L-carnitine + synbiotic co-supplementation was more beneficial in ameliorating anthropometric indices as well as some cardiometabolic parameters compared with L-carnitine single therapy, suggesting that it is a promising adjuvant approach to ameliorate obesity or associated metabolic complications through potential synergistic or complementary mechanisms. Further longer duration clinical trials in a three-group design are demanded to verify the complementary or synergistic mechanisms.
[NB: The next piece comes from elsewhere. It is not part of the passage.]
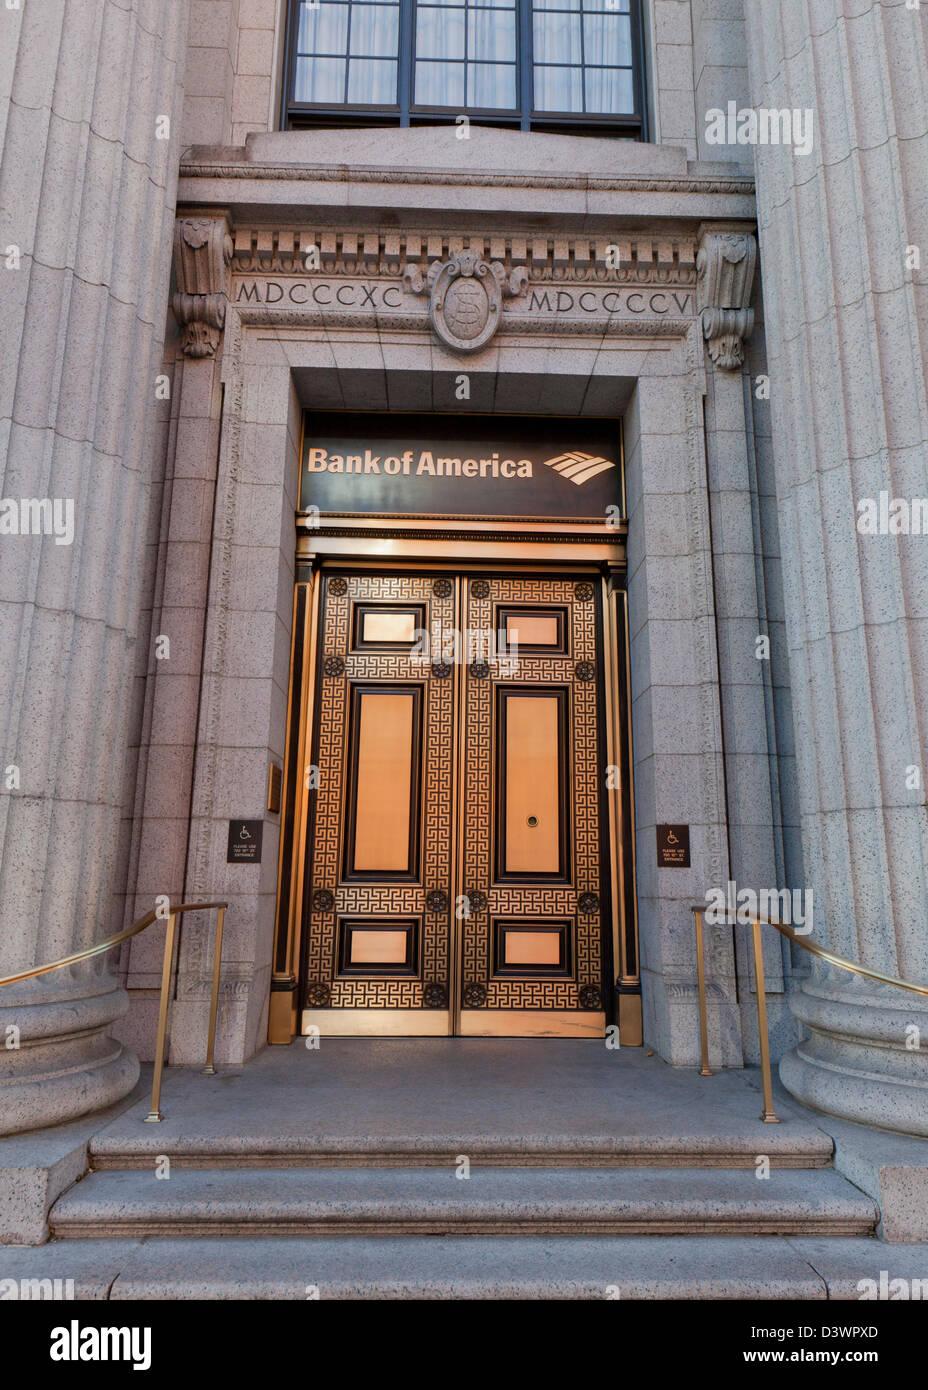 Bank of America building - Washington, DC - Stock Image

www.irct.ir, Iranian Registry of Clinical Trials IRCT20080904001197N13.
肥胖是一种具有流行特征的多因素疾病,被认为是全球发病率和死亡率的主要罪魁祸首,因此需要有效的治疗策略。营养保健品和功能性食品被认为是肥胖患者体重管理的有前途的辅助/补充方法,这些患者对常规治疗的依从性较低。目前的文献支持益生菌/益生元和左旋肉碱的减肥功效;然而,左旋肉碱联合多菌株/多种类益生菌补充的营养保健品联合补充方法在对抗肥胖及其伴随的合并症方面优于常见的单一疗法,这一点已经得到了很好的证明。本研究旨在评估与单独使用左旋肉碱相比,左旋肉碱和多菌株/多种类益生菌联合补充对肥胖女性的人体测量和心血管代谢指标的影响。
本研究是一项安慰剂对照、双盲随机临床试验,共纳入 46 名肥胖女性,随机分为联合补充组(左旋肉碱酒石酸盐(2×500mg/天)+多菌株/多种类益生菌(1 粒/天))或单药治疗组(左旋肉碱酒石酸盐(2×500mg/天)+麦芽糊精(1 粒/天)),干预时间为 8 周。两组参与者均接受健康饮食的饮食建议。
两组干预措施均显著改善了人体测量、血脂和血糖指数;然而,左旋肉碱+益生菌联合给药后,人体测量指标包括体重指数(BMI)、体重、颈部、腰部和臀部周长显著降低(<0.001、<0.001、<0.001、=0.012 和=0.030),调整可能的混杂因素后。此外,与单独使用左旋肉碱相比,左旋肉碱+益生菌联合补充还导致空腹血糖(FBS)、胰岛素(尽管略有下降)和稳态模型评估的胰岛素抵抗(HOMA-IR)显著降低,而定量胰岛素敏感性检查指数(QUICKI)显著升高(=0.014、0.051、0.024 和 0.019)。除高密度脂蛋白胆固醇(HDL-C)浓度在左旋肉碱+益生菌组显著升高(=0.009)外,两组间的血脂标志物无显著变化。
与单独使用左旋肉碱相比,左旋肉碱+益生菌联合补充在改善人体测量指标以及一些心血管代谢参数方面更有益,表明通过潜在的协同或互补机制,它是改善肥胖或相关代谢并发症的有前途的辅助方法。需要进行更长时间的三臂临床试验,以验证互补或协同机制。
www.irct.ir,伊朗临床试验注册处 IRCT20080904001197N13。